Right now both independent artists and any industry person or label person can use the Internet to find and develop an audience 24 hours a day 7 days a week. It is possible to find out if there’s a hungry audience for what it is that you’re trying to feed them before you ever have to make a major investment in anything.
So, why would you not take advantage of that? Why would you not spend some time? Who cares if it takes a year or two years? Shit, we’re not curing cancer; we’re in the music business. If it takes two years, three years, if it even takes four years to build a solid fan base of hungry consumers, why wouldn’t that be the focus?
Why is more time spent in the studio or out chasing radio with new artists that actually, in my opinion, haven’t earned the right to be there than trying to see if there is an audience available for that artist?

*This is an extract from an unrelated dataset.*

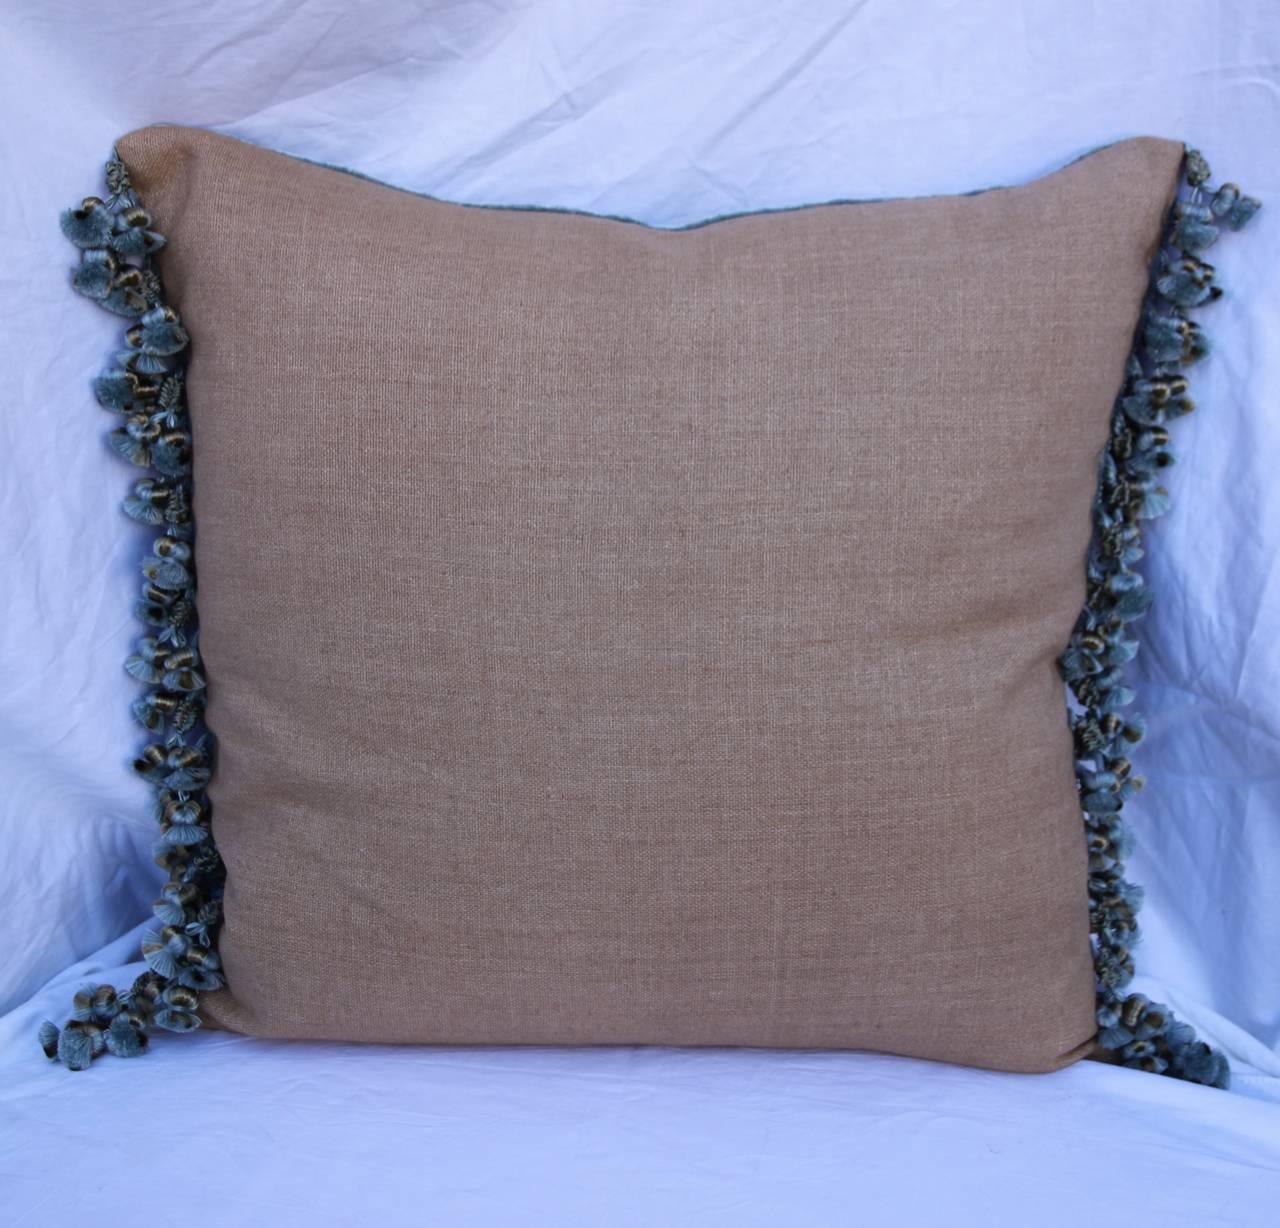 Appliqué 19th Century French Lace Appliqued Pillow For Sale

Right now I think we need to spend less time going to music seminars and more time in marketing seminars. That’s where I’ve spent the last year and a half, and it’s been absolutely a blast to open up and see why it is that our industry, which creates more content than anyone in the world, is not doing as well as it could be online.
Radio is not the end all be all and radio is not your savior. Once again, the fans are your saviors, not radio. How can somebody have a number two song and then their next song fail at #30 and then be dropped from a record label? Because they didn’t sell enough records.
If you don’t understand how a record label works, stop bitching at the labels. They are the banks, and the bank is going to put the best deal possible to get their investment back. I read an article the other day. It says labels rip off the artists. You know, the artists don’t make any money. Well, most of the time neither do the labels on that particular artist. There are more failures every year than there are successes. It’s just that the successful pay very well. So, I would be doing everything in my power to go out there and be a success.